* [ASSIGNMENT] Print the line containing "PANTONE 671 C - Colorxs Quatern Palette" and each line after it through the end of the material below, exactly as it appears, but skip the pictures.

* [EXERCISE DATA]
_ _ _ _ _ _ _

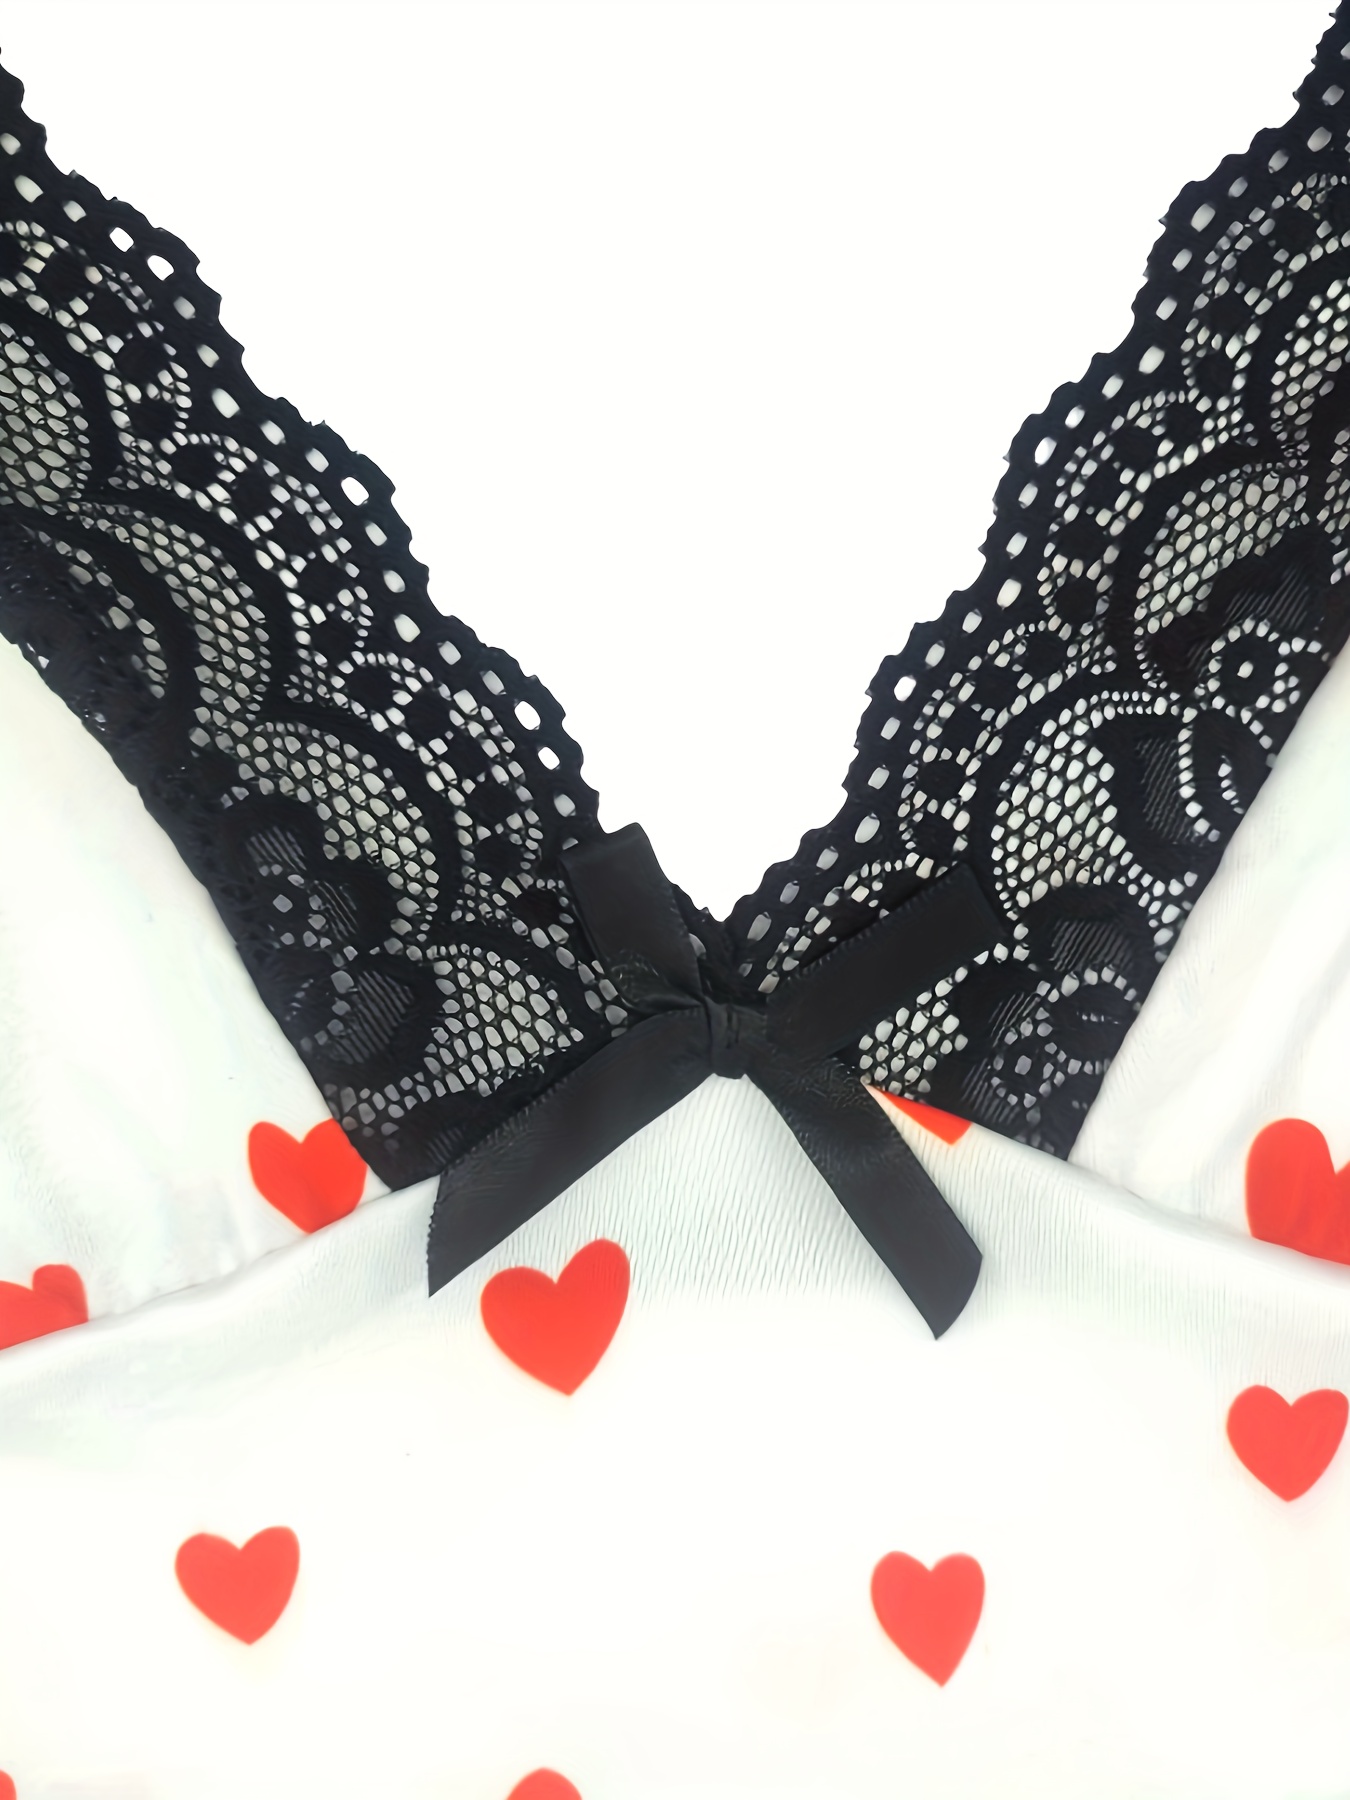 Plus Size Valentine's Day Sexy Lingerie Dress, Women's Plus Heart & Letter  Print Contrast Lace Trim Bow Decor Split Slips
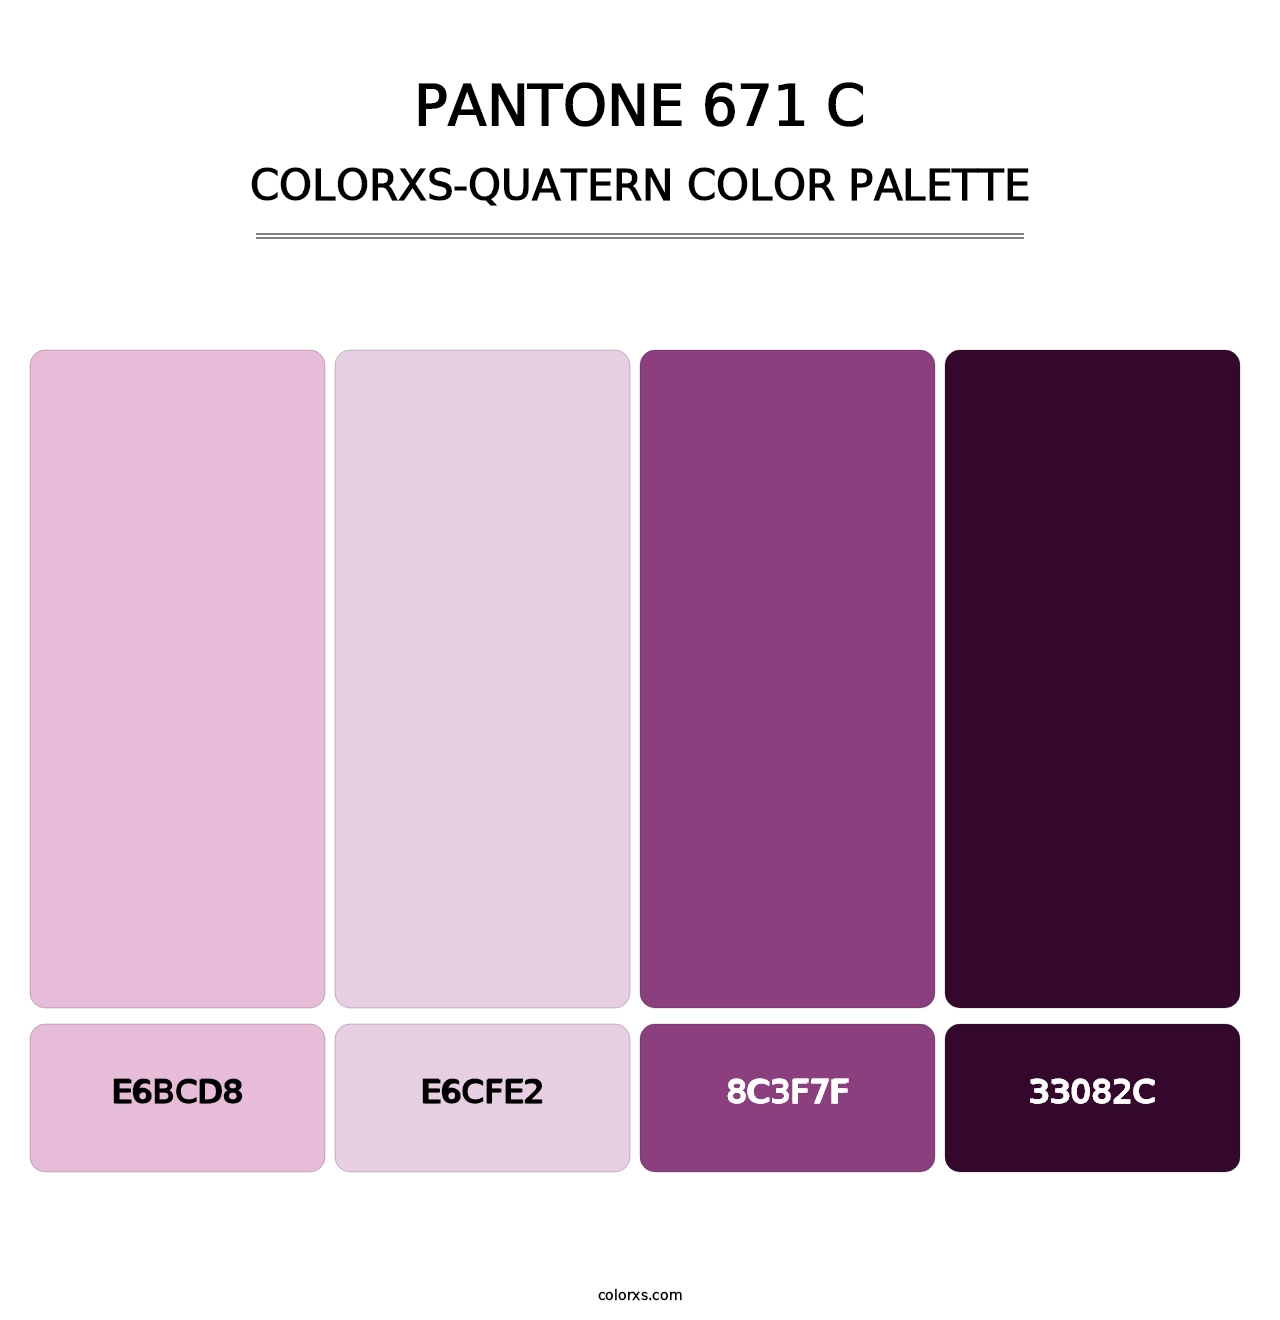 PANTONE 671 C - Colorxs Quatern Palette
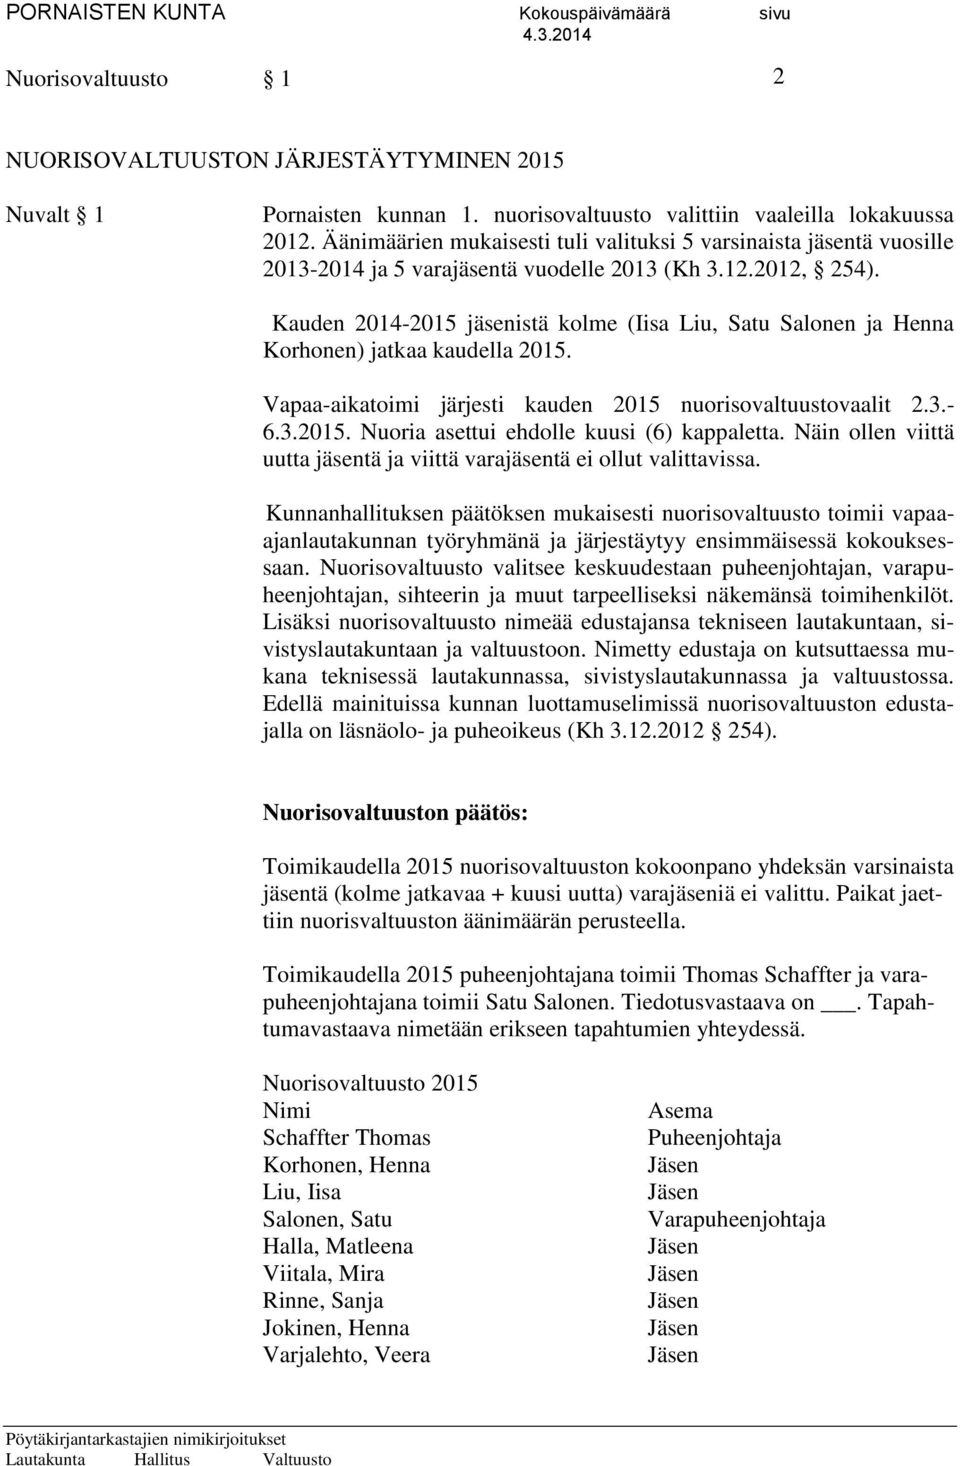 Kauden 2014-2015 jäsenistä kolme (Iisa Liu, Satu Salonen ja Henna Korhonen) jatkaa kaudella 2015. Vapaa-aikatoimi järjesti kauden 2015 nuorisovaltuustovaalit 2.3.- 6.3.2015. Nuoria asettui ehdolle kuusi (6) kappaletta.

_ _ _ _ _ _ _

* [FINAL ANSWER]
 PANTONE 671 C - Colorxs Quatern Palette
 Kauden 2014-2015 jäsenistä kolme (Iisa Liu, Satu Salonen ja Henna Korhonen) jatkaa kaudella 2015. Vapaa-aikatoimi järjesti kauden 2015 nuorisovaltuustovaalit 2.3.- 6.3.2015. Nuoria asettui ehdolle kuusi (6) kappaletta.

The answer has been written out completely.